November 7[edit]

i see i will have to do this myself. what alternative to proof-of-work can i use in my bitcoin-alternative scheme? (see above question). --91.120.48.242 (talk) 07:31, 7 November 2012 (UTC)[reply]

Indeed, I guess no one else is going to ask others to invent something for you. —Tamfang (talk) 08:02, 7 November 2012 (UTC)[reply]

How about generating a unique previously unknown prime number. These require proof of work and may conceivably be useful.--Salix (talk): 12:21, 7 November 2012 (UTC)[reply]

Thank you, but can we first concentrate on an implementation-wide fundamental alternative to the requirement for "proof-of-work"? Isn't there some other solution that would conceivable work but simply has not been done? Do you have any ideas that might work?

As for you, Tango, I am actually quite able to produce my own proofs: I am highly familiar with many definitions in mathematics, and I guess you could say the rest just follows logically :) --91.120.48.242 (talk) 13:37, 7 November 2012 (UTC)[reply]

You have made 0 effort to debate this issue with people who understand it in your previous question on the topic. You are trying to reinvent the square wheel without any understanding of what purpose proof of work serves in Bitcoin. You have ignored my references to proposed alternatives.

I'd morally support the development of an alternative currency based on my proof of stake system, but only by someone I trust to do a good job. -- Meni Rosenfeld (talk) 18:49, 8 November 2012 (UTC)[reply]

Given a subset of a rectangular grid of equal sized square tiles can you have two adjacent tiles equidistant from a third? Since I tend to muddle questions when I ask them: when I say subset, I mean that some tiles are removed; a tile is adjacent if it is one tile up, right, left, or down not if it is connected diagonally; distance is measured as the length of the shortest path of adjacent tiles connecting to tiles. I think it follows by a simple application of induction and I can't think of any counter examples, but for some aggravating reason I feel like I might be missing something. Thank you for any and all help:-) Phoenixia1177 (talk) 11:02, 7 November 2012 (UTC)[reply]

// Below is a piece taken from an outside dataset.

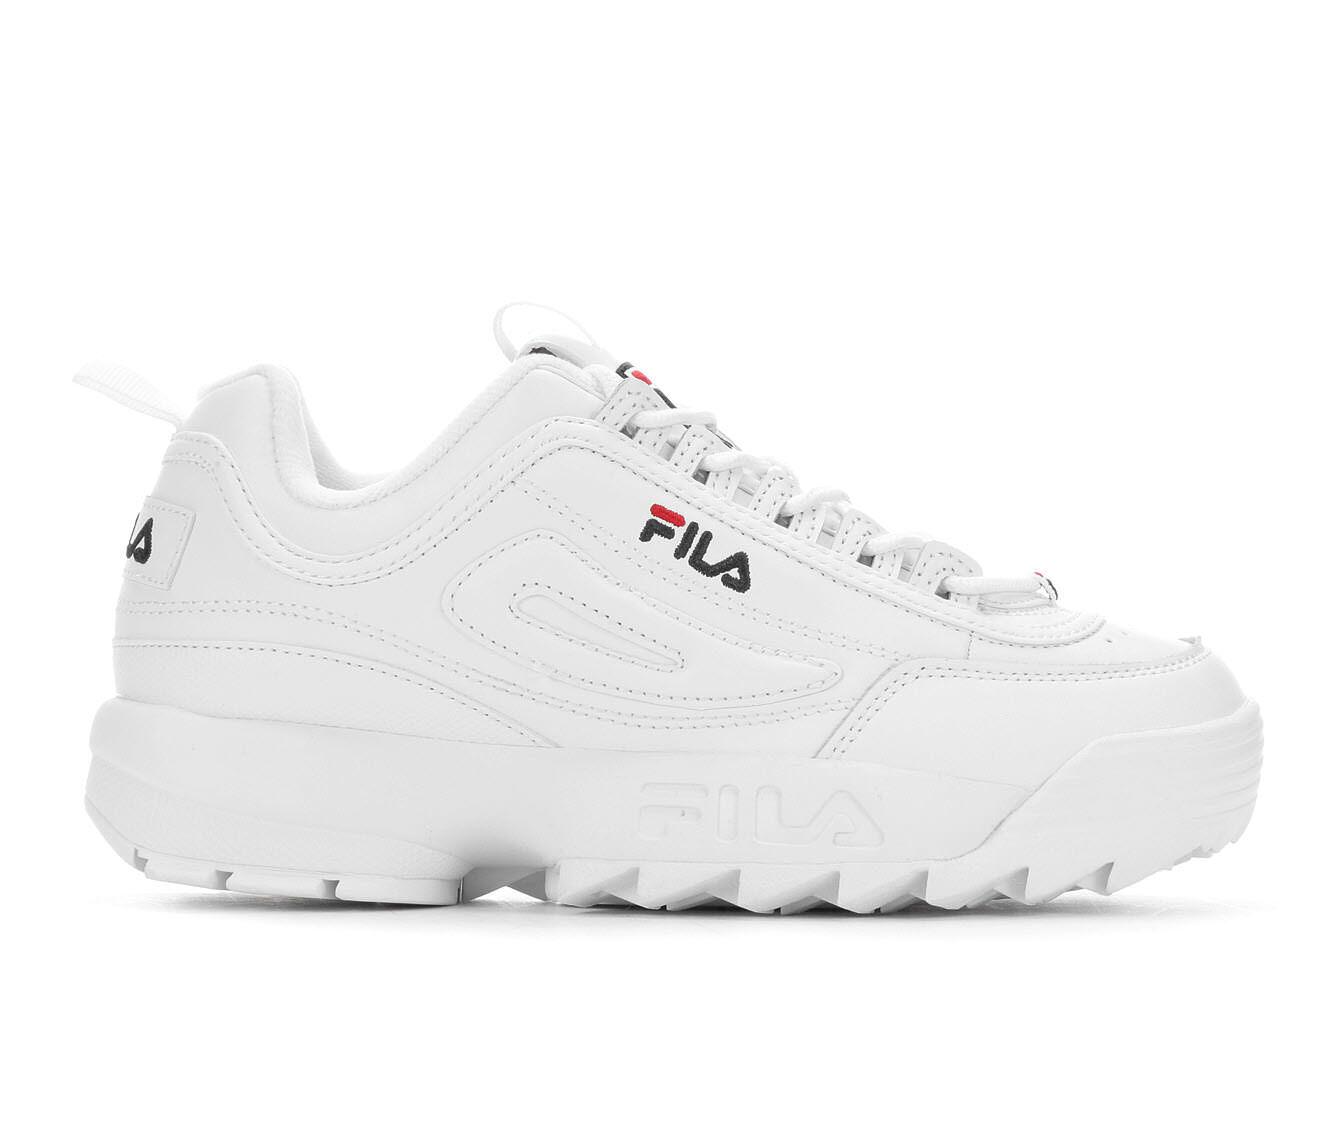 uk shoes_kd4565

It's impossible. Given a path connecting two tiles, argue by induction on path length that the parity of the path length equals the ${\displaystyle L^{1}}$-distance between the tiles.--80.109.106.49 (talk) 11:58, 7 November 2012 (UTC)[reply]

"equals the parity of the ${\displaystyle L^{1}}$-distance" that should be.--80.109.106.49 (talk) 19:52, 7 November 2012 (UTC)[reply]

Thank you, makes perfect sense. I don't know why simple problems seem such a pain sometimes. Anyways, thanks again:-)Phoenixia1177 (talk) 11:08, 10 November 2012 (UTC)[reply]

The Prime-counting function gives the number of primes less than 10²⁴ as 18,435,599,767,349,200,867,866. How do we know this number so accurately? Do we know all the primes up-to this number?--Salix (talk): 12:59, 7 November 2012 (UTC)[reply]

If you continue reading the article, in the very next section you’ll learn that there are algorithms to compute the number of primes faster than listing them.—Emil J. 13:29, 7 November 2012 (UTC)[reply]

... And as for the specific value of π(10²⁴), references are given below the table: the method used in the (second, unconditional) computation is described in detail in [1].—Emil J. 13:38, 7 November 2012 (UTC)[reply]

Hidden in this question seems to be the question of whether 18,435,599,767,349,200,867,866 is an exact value. Is it? --91.120.48.242 (talk) 15:07, 7 November 2012 (UTC)[reply]

The value of the Prime-counting function for a given input is, by definition, exact. And as is contended in the link from the article EmilJ gives above, π(10²⁴) = 18,435,599,767,349,200,867,866. I don't know if that's helpful to your question, though. Are you thinking of the logarithmic integral which approximates the prime-counting function? 142.94.236.112 (talk) 23:28, 7 November 2012 (UTC)[reply]

"It is contended" - so, I guess the OP (I'm not the OP, I'm the 91.120 you just replied to) is asking, "how do we know?" Your answer is helpful in saying that "it ought to be", i.e. by definition, to be correct. That answers a portion of my question but not whether 18,435,599,767,349,200,867,866 is, in fact, correct, and if so, how it was arrived at. (For what it's worth, yes, I personally thought it could very well be the result of a function that has a very low margin of error but does not necessarily get the last couple of digits exactly right. Still, the digits as presented could be the "most right", based on the function i.e. on average the most correct, which it why it wouldn't have been rounded.) --91.120.48.242 (talk) 07:11, 8 November 2012 (UTC)[reply]

Fair questions! in reading the paper posted above, the author describes his method such that "The result of the computation, after adding in the various error terms, was an interval straddling a single integer". And this value matches a previous result which was weaker in the sense it assumed the Riemann Hypothesis, if that lends some credibility. The details of his method are in the paper of course, relying on many previous results. I'm sure there's an appropriate article discussing the epistemological issues of peer review and any basis of "mathematical truth" -- which the OP's question might lead one to ponder. 142.94.236.112 (talk) 14:49, 8 November 2012 (UTC)[reply]

For comparison, the Goldbach conjecture verification project [2] has computed all primes below 4×10¹⁸. This is probably the highest limit for which all primes have been computed. There are 95,676,260,903,887,607 primes up to that. They were not stored but only existed briefly in ram. Small primes like this can be computed about as quickly as they can be read from a disk, and noone bothers to store trillions of them. PrimeHunter (talk) 16:58, 8 November 2012 (UTC)[reply]